I’ll quote it here (I hope he doesn’t mind because it’s really interesting, and he makes some great points):
“Yeah, people very often misunderstand the role of stunt doubles, especially in fight scenes. It’s often not as much about skill, or risk as about production logistics. Even if you have a physically capable actor, with MA experience, you still want to use the stunt doubles, simply to squeeze the most out of pre-production time. You can’t lock the star of the show in a room with the stunt crew for a few weeks to rehearse the scene to perfection, they need to well, act. Learn their lines, prepare for their non-action scens, do marketing stuff, photoshoots, etc. What you CAN do is have the stunt double rehearse the entire choreography for months untill it’s buttery smooth and them tag them in on a moment’s notice.
Another thing with actors that have MA background is how different movie fighting is from real fighting – a lot of time real fighting skills and reflexes actually make on-screen fighting look worse.

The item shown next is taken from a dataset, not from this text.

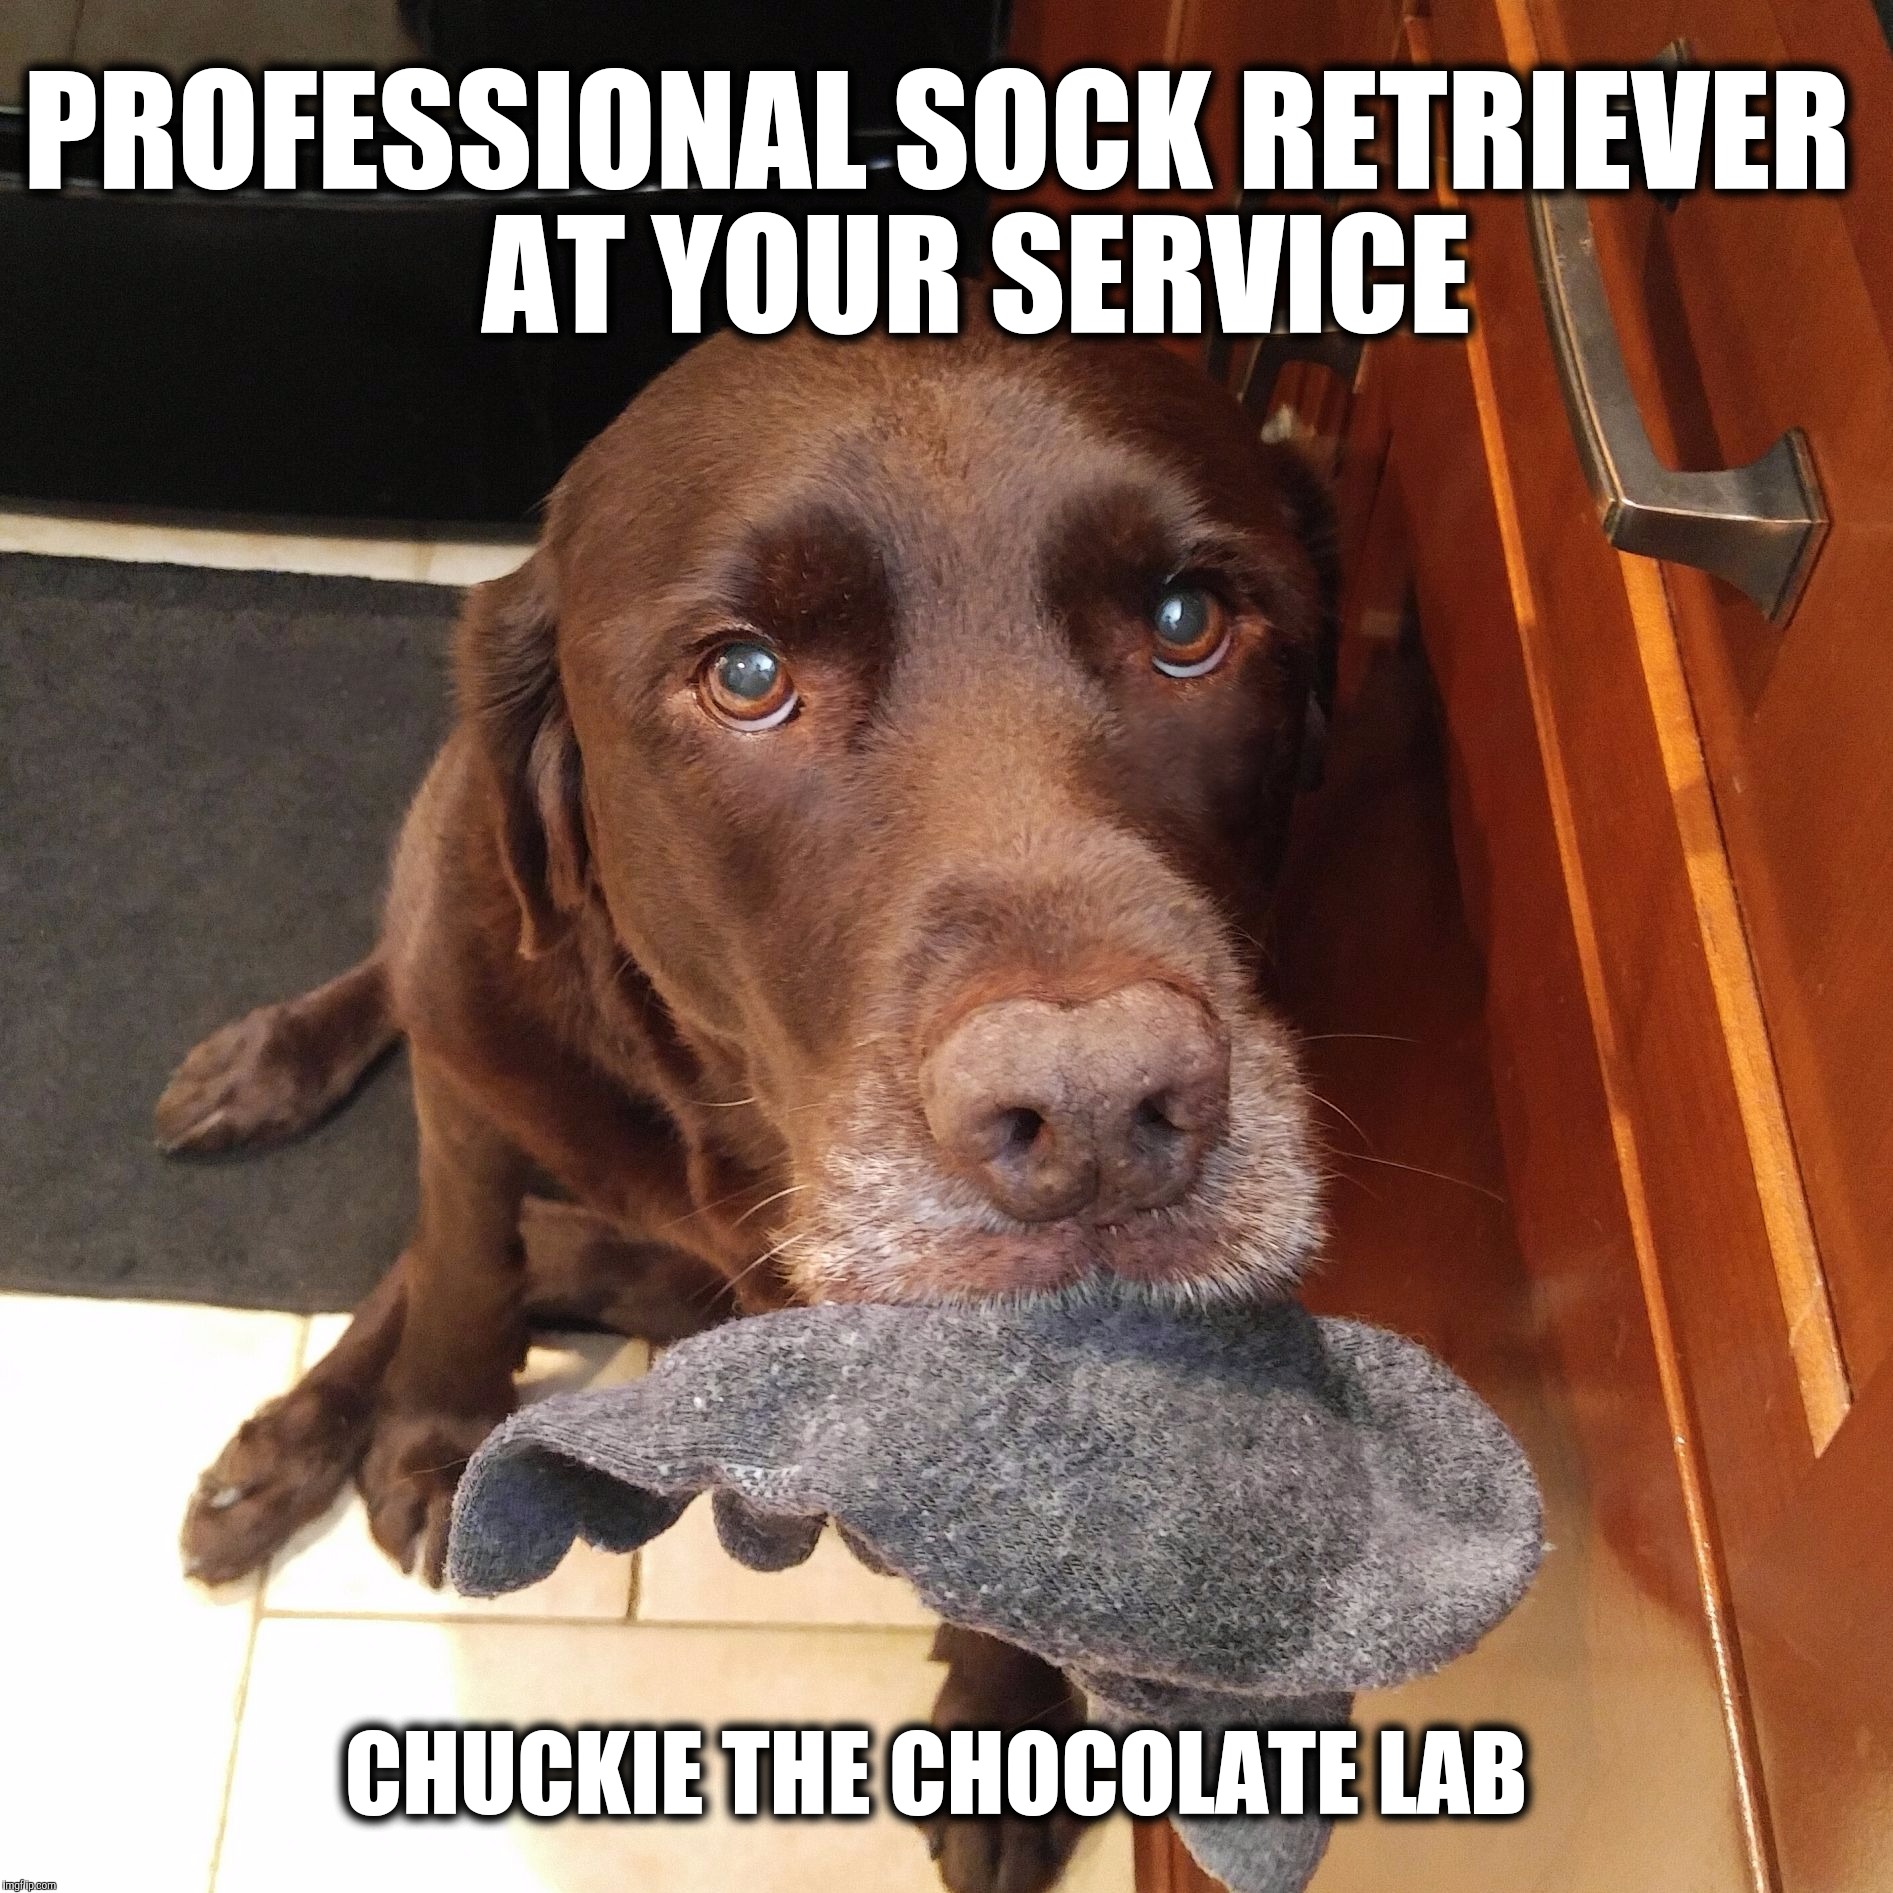 Professional Sock Retriever  |  PROFESSIONAL SOCK RETRIEVER    
AT YOUR SERVICE; CHUCKIE THE CHOCOLATE LAB | image tagged in chuckie the chocolate lab,sock,funny memes,dogs,retriever,funny dog memes | made w/ Imgflip meme maker

I think Donnie Yen vs Mike Tyson is a good example showcasing a lot of issues when working with real athletes – we all know Mike is insanely fast, but in this clip he appears slow and sluggish, and you can’t really see the power behind the blows – further below I’ll try to explain why.
BJ Penn and Rampage in this clusterfuck of a movie – in this
case choreography, montage, lighting are absolute garbage, but you can still
see that they seem weirdly uncoordinated and slow.
Anderson Silva from the same flick, notice the kicks
especially, also look at all Randy Couture scenes from Expendables – they’re a
dark, shakycam mess, but a lot of shakycam and bad lighting is damage control
to hide hits that didn’t sell well.
I am not saying that having actual martial artists on set is
bad – but you have to manage them really well, have an action director that
will guide them and communicate their vision clearly. In a lot of cases a
director will oh so wrongly assume that if they have the star martial artist on
set they can just tell them to do their thing and it’ll come together somehow.
Also it’s not that being good at actual fighting is somehow a hinderance – all
good stuntpeople will be at least competent in one or more actual combat sport
or martial art. It’s just they have a LOT of additional knowledge on top, as
well as the ability to turn some instincts on and off.